The comments come after the International Monetary Fund called on Europe to put up billions of euros to recapitalize Europe’s biggest banks.
Merkel said “common guidelines” on the right amount of capitalization were necessary, adding that this needed to be done urgently. She was speaking in Brussels Wednesday after a meeting with European Commission President Jose Manuel Barroso.
THIS IS A BREAKING NEWS UPDATE. Check back soon for further information. AP’s earlier story is below.
BRUSSELS (AP) _ The International Monetary Fund, a key player in eurozone bailouts, on Wednesday pushed for radical changes in the way the region’s debt crisis should be handled.
Antonio Borges, the head of the IMF’s Europe program, said the eurozone’s bailout fund should get more firepower and new tools.
To help, he said the IMF could intervene in bond markets to keep the crisis from engulfing large economies like Italy and Spain. The surprise proposal would profoundly alter the fund’s role in the crisis.
It has so far contributed close to euro80 billion ($105 billion) to eurozone bailouts, about a third of the total, but never intervened in open markets.

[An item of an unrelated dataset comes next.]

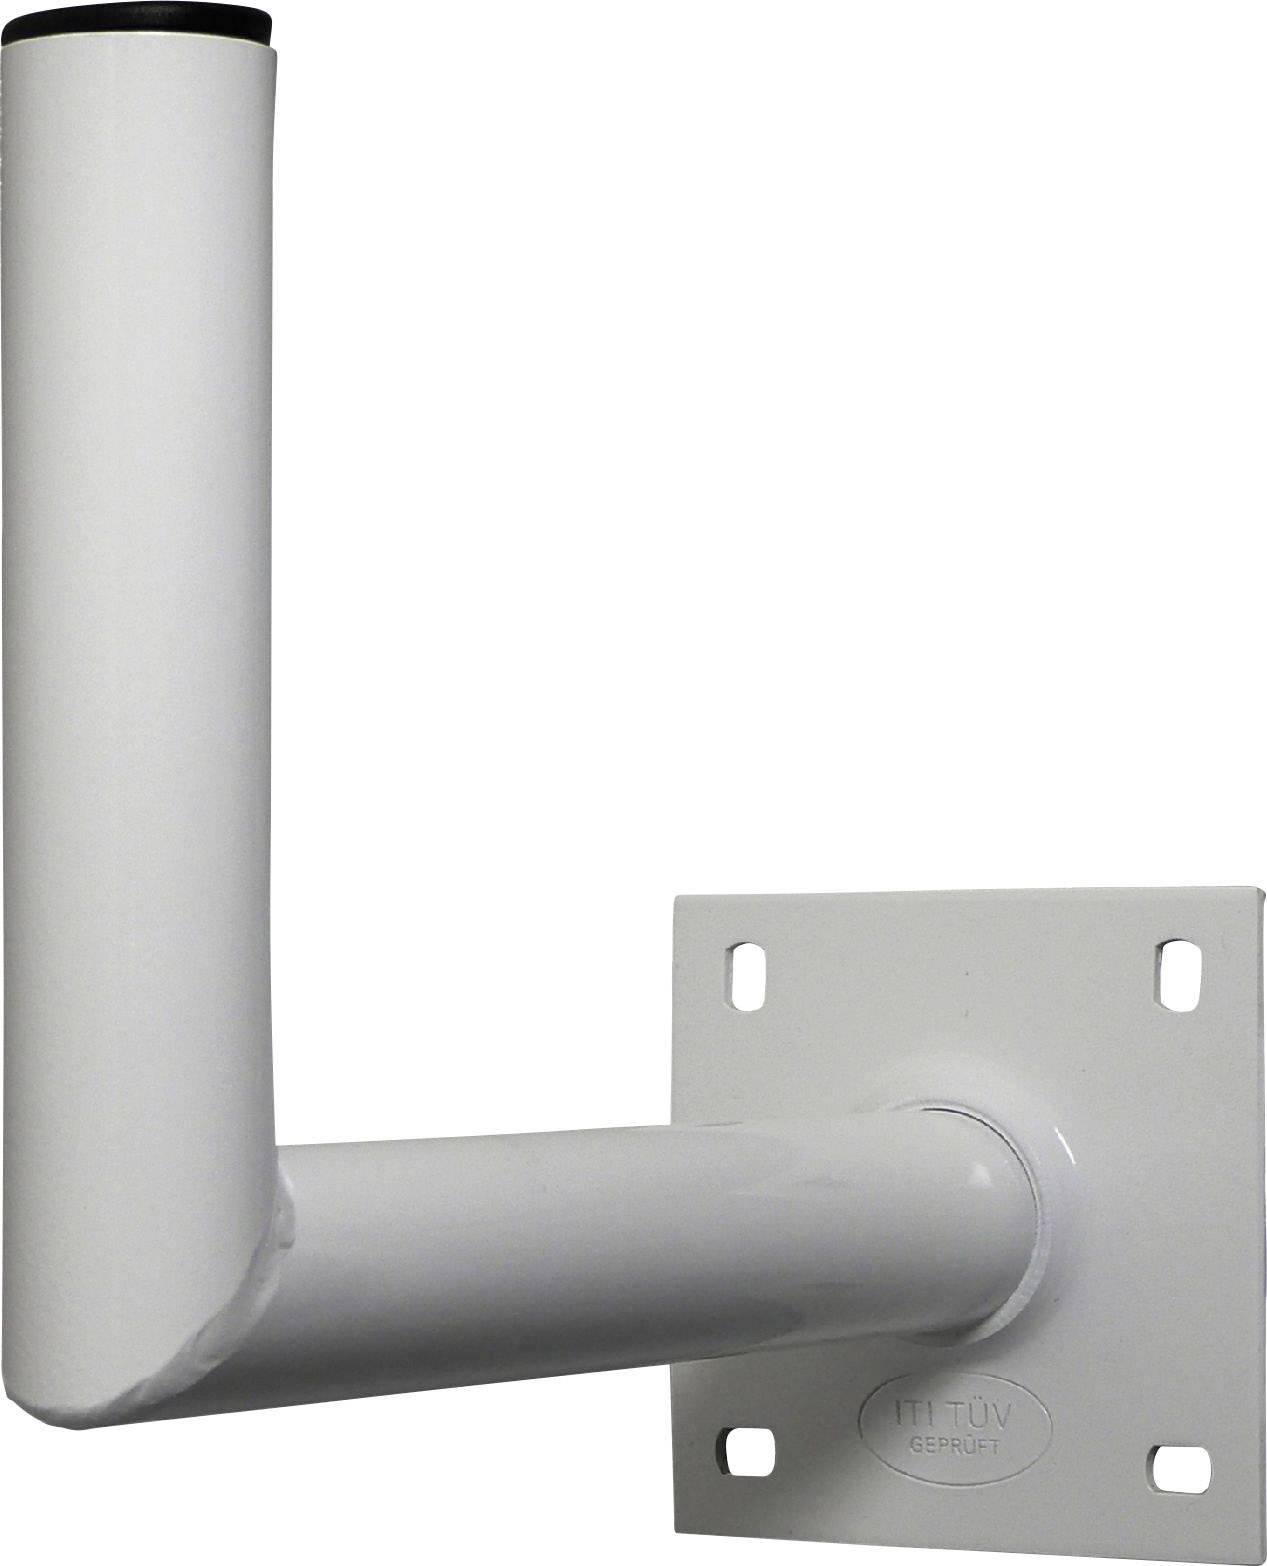 SAT stojan A.S. SAT 10735, 25 cm, Ø do 90 cm, hliník, bílá

“We have a whole set of options that could be put on the table to restore confidence in those countries,” Borges said at a news conference in Brussels.
His comments are the first open acknowledgment of a radical change in approach by the IMF to the eurozone’s debt crisis. The currency union’s debt troubles have intensified severely as most investors expect a default by Greece and fear much larger Italy and Spain will be dragged into the crisis.
In public statements until now, IMF officials had insisted on agreements made at a eurozone summit in July, which gave a first range of new powers to the region’s bailout fund and tentatively offered a second, euro109 billion bailout for Greece, with modest losses accepted by banks on their Greek investments.
But Borges made clear on Wednesday that those decisions were no longer sufficient.
He said that the euro109 billion figure was an estimate based on conditions that have since changed, adding that a new program needed bigger focus on Greece’s massive debt and growth. He said that didn’t necessarily entail bigger losses for banks and other private Greek bond holders.
Borges also piled pressure on Greece to take more stringent measures to get its economy back on track, saying there was no rush to take a decision on the payment on the next slice of bailout money because the country doesn’t face a big bond repayment deadline until December.
Athens has said it will start running out of money to pay salaries and pensions in mid-November if it doesn’t get the euro8 billion ($11 billion) installment of its first euro110 billion ($145 billion) bailout.
The increasing uncertainty over Greece’s fate have increased market volatility and destabilizing the banking sector. Belgium and France are fighting for the survival of Dexia, the first potential failure of a big European bank since the credit crunch of 2008.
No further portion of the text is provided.